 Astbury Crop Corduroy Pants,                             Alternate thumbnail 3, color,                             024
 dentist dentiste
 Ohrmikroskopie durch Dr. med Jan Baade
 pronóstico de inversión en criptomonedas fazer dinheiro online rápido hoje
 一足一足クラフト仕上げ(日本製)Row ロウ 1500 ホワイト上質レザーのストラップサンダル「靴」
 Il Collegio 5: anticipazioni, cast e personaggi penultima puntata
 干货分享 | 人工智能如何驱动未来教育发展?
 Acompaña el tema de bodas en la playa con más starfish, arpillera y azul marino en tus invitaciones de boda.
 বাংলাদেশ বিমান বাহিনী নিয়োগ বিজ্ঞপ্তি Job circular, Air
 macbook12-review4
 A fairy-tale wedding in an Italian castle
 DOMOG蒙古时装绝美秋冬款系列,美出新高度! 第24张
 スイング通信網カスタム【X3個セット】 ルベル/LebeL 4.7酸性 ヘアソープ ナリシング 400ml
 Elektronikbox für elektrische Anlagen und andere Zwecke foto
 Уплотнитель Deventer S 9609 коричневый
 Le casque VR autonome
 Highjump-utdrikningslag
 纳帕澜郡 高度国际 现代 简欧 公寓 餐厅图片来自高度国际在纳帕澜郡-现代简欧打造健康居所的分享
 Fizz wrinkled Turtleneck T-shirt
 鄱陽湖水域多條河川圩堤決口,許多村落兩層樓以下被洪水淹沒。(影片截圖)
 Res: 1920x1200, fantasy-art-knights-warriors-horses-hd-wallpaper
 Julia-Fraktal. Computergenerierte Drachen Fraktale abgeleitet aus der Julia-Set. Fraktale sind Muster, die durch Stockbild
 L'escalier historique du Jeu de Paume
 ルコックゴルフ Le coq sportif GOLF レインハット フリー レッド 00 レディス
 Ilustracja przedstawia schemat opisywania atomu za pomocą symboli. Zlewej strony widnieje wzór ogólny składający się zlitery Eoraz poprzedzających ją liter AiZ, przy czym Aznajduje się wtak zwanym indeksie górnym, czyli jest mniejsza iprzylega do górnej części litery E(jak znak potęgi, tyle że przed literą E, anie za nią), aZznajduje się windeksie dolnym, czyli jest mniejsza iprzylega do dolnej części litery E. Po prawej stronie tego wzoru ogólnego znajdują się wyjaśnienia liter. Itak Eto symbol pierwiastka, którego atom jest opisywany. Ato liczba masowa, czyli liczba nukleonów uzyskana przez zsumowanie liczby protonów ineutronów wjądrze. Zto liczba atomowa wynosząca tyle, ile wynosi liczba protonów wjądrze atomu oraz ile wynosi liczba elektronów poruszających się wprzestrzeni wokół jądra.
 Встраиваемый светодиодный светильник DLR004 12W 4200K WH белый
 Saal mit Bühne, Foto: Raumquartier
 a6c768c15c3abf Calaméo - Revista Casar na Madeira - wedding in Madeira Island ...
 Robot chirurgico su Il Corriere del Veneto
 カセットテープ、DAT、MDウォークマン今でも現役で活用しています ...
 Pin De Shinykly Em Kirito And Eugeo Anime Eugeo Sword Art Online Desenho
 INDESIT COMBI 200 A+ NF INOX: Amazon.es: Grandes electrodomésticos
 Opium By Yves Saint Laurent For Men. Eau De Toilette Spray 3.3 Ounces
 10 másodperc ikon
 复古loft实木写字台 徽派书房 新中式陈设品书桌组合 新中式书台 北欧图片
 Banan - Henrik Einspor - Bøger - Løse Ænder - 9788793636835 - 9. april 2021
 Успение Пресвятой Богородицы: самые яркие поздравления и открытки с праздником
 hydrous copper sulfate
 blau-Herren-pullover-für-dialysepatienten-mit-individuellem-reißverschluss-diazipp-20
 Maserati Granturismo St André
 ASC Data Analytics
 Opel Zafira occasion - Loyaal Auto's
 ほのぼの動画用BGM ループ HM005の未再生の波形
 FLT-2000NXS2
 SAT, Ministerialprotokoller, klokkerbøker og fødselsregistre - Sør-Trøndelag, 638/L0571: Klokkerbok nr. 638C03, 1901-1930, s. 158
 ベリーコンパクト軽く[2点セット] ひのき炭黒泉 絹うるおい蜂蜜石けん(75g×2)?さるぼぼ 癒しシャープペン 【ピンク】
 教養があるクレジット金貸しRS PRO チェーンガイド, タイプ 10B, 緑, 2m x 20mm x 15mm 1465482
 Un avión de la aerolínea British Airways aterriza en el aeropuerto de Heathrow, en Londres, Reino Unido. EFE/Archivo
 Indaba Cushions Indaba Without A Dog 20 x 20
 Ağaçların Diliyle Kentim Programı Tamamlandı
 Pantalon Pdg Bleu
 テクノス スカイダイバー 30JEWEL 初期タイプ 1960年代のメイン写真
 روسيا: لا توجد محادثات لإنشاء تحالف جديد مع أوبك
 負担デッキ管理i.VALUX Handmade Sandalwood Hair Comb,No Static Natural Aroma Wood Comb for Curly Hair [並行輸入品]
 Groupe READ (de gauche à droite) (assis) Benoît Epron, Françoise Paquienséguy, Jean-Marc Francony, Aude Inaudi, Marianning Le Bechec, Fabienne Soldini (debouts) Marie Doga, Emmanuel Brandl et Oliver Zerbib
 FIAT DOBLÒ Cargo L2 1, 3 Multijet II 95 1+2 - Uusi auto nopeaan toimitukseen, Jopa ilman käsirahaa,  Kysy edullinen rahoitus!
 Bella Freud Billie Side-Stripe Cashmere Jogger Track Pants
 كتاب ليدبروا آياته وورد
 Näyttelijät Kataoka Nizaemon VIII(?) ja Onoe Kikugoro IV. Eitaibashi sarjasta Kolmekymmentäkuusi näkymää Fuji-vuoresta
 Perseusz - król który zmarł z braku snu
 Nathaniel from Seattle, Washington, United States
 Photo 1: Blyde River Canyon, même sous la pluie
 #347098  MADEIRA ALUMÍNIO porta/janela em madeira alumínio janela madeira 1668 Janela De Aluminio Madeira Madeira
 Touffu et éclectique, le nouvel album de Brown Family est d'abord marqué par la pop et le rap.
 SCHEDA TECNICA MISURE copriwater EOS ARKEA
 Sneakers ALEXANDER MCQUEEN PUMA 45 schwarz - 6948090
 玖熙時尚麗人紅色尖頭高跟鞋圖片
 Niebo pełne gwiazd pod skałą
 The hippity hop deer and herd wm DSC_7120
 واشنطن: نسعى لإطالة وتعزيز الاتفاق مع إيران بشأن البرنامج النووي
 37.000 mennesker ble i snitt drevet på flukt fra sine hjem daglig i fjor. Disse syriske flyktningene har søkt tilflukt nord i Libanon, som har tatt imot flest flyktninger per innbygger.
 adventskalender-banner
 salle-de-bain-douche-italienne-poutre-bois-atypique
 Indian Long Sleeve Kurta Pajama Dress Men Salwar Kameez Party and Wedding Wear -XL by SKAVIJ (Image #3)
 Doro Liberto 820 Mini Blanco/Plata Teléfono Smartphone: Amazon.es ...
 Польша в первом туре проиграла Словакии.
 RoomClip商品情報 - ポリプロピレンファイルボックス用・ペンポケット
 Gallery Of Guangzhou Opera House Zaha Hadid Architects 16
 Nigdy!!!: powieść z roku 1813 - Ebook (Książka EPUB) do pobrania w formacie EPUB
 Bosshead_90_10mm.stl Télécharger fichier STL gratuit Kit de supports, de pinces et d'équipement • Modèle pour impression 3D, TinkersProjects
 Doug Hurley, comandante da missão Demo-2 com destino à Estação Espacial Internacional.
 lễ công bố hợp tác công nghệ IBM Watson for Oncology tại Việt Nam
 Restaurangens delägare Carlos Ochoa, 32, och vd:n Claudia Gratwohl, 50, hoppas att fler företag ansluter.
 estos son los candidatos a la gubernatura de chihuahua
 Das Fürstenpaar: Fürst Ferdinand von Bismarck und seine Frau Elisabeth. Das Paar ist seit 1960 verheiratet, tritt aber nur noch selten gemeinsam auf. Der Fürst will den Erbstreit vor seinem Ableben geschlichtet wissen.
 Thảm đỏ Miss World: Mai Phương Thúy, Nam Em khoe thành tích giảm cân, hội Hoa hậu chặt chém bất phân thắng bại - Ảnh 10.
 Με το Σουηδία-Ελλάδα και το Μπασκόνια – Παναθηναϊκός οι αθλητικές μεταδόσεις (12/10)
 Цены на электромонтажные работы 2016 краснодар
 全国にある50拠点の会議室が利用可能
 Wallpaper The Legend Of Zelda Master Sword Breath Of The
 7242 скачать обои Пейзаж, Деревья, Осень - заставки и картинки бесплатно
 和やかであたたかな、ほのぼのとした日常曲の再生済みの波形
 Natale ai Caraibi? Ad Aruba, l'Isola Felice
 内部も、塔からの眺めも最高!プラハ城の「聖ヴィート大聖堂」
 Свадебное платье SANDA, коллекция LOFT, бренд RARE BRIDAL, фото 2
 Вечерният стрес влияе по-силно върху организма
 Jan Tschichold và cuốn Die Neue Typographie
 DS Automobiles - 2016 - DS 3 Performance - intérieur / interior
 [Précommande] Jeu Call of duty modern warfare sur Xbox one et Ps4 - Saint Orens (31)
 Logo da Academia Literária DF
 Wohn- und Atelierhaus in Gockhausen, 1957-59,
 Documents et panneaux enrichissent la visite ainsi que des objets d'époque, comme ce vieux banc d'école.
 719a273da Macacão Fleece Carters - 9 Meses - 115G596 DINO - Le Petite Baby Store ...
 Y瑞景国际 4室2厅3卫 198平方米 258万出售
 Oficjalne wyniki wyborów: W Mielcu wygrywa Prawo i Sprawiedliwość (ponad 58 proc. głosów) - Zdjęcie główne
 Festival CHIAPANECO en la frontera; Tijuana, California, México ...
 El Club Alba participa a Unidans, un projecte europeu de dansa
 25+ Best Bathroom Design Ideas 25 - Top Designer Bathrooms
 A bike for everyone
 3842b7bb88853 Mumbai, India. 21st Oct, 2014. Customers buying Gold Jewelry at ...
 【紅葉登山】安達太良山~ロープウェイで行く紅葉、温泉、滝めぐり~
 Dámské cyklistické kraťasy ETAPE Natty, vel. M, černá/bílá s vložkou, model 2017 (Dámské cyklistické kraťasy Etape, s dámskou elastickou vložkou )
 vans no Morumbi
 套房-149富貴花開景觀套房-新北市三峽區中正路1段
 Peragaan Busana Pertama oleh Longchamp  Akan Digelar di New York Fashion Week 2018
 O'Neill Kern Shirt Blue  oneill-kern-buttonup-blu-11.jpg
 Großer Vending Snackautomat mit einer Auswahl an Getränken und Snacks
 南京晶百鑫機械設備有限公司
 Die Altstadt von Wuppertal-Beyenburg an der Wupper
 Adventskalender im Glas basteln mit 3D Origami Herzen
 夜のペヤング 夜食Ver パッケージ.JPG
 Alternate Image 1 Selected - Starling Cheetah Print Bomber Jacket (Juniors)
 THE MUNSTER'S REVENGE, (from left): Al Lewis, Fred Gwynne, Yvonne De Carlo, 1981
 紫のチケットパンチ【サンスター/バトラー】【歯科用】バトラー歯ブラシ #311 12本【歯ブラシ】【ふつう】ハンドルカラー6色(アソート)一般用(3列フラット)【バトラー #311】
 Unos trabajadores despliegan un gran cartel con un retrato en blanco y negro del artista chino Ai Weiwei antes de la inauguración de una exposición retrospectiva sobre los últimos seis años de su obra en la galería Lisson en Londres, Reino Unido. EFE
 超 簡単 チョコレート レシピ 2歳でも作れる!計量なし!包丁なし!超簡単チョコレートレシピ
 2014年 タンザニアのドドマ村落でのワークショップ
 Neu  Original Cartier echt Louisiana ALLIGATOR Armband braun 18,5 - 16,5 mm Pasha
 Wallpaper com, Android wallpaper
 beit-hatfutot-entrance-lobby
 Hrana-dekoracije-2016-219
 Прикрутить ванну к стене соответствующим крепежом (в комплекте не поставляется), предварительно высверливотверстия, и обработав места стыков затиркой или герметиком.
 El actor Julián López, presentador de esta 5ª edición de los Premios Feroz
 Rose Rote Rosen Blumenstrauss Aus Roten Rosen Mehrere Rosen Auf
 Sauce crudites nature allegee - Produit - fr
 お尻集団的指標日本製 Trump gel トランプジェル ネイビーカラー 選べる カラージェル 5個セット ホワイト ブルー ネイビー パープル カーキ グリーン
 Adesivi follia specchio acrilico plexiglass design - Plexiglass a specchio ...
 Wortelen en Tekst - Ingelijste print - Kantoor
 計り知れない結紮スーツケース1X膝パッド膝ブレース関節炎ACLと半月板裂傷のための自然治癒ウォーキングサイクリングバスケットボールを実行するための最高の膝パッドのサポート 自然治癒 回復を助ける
•••
#### [TO DO]
Would you please write out, exactly and with no other lines, the stretch of the listing above from the line containing "estos son los" through the line containing "套房-149富貴花開景觀套房-新北市三峽區中正路1段"?

#### [ANSWER TO THIS PROBLEM]
 estos son los candidatos a la gubernatura de chihuahua
 Das Fürstenpaar: Fürst Ferdinand von Bismarck und seine Frau Elisabeth. Das Paar ist seit 1960 verheiratet, tritt aber nur noch selten gemeinsam auf. Der Fürst will den Erbstreit vor seinem Ableben geschlichtet wissen.
 Thảm đỏ Miss World: Mai Phương Thúy, Nam Em khoe thành tích giảm cân, hội Hoa hậu chặt chém bất phân thắng bại - Ảnh 10.
 Με το Σουηδία-Ελλάδα και το Μπασκόνια – Παναθηναϊκός οι αθλητικές μεταδόσεις (12/10)
 Цены на электромонтажные работы 2016 краснодар
 全国にある50拠点の会議室が利用可能
 Wallpaper The Legend Of Zelda Master Sword Breath Of The
 7242 скачать обои Пейзаж, Деревья, Осень - заставки и картинки бесплатно
 和やかであたたかな、ほのぼのとした日常曲の再生済みの波形
 Natale ai Caraibi? Ad Aruba, l'Isola Felice
 内部も、塔からの眺めも最高!プラハ城の「聖ヴィート大聖堂」
 Свадебное платье SANDA, коллекция LOFT, бренд RARE BRIDAL, фото 2
 Вечерният стрес влияе по-силно върху организма
 Jan Tschichold và cuốn Die Neue Typographie
 DS Automobiles - 2016 - DS 3 Performance - intérieur / interior
 [Précommande] Jeu Call of duty modern warfare sur Xbox one et Ps4 - Saint Orens (31)
 Logo da Academia Literária DF
 Wohn- und Atelierhaus in Gockhausen, 1957-59,
 Documents et panneaux enrichissent la visite ainsi que des objets d'époque, comme ce vieux banc d'école.
 719a273da Macacão Fleece Carters - 9 Meses - 115G596 DINO - Le Petite Baby Store ...
 Y瑞景国际 4室2厅3卫 198平方米 258万出售
 Oficjalne wyniki wyborów: W Mielcu wygrywa Prawo i Sprawiedliwość (ponad 58 proc. głosów) - Zdjęcie główne
 Festival CHIAPANECO en la frontera; Tijuana, California, México ...
 El Club Alba participa a Unidans, un projecte europeu de dansa
 25+ Best Bathroom Design Ideas 25 - Top Designer Bathrooms
 A bike for everyone
 3842b7bb88853 Mumbai, India. 21st Oct, 2014. Customers buying Gold Jewelry at ...
 【紅葉登山】安達太良山~ロープウェイで行く紅葉、温泉、滝めぐり~
 Dámské cyklistické kraťasy ETAPE Natty, vel. M, černá/bílá s vložkou, model 2017 (Dámské cyklistické kraťasy Etape, s dámskou elastickou vložkou )
 vans no Morumbi
 套房-149富貴花開景觀套房-新北市三峽區中正路1段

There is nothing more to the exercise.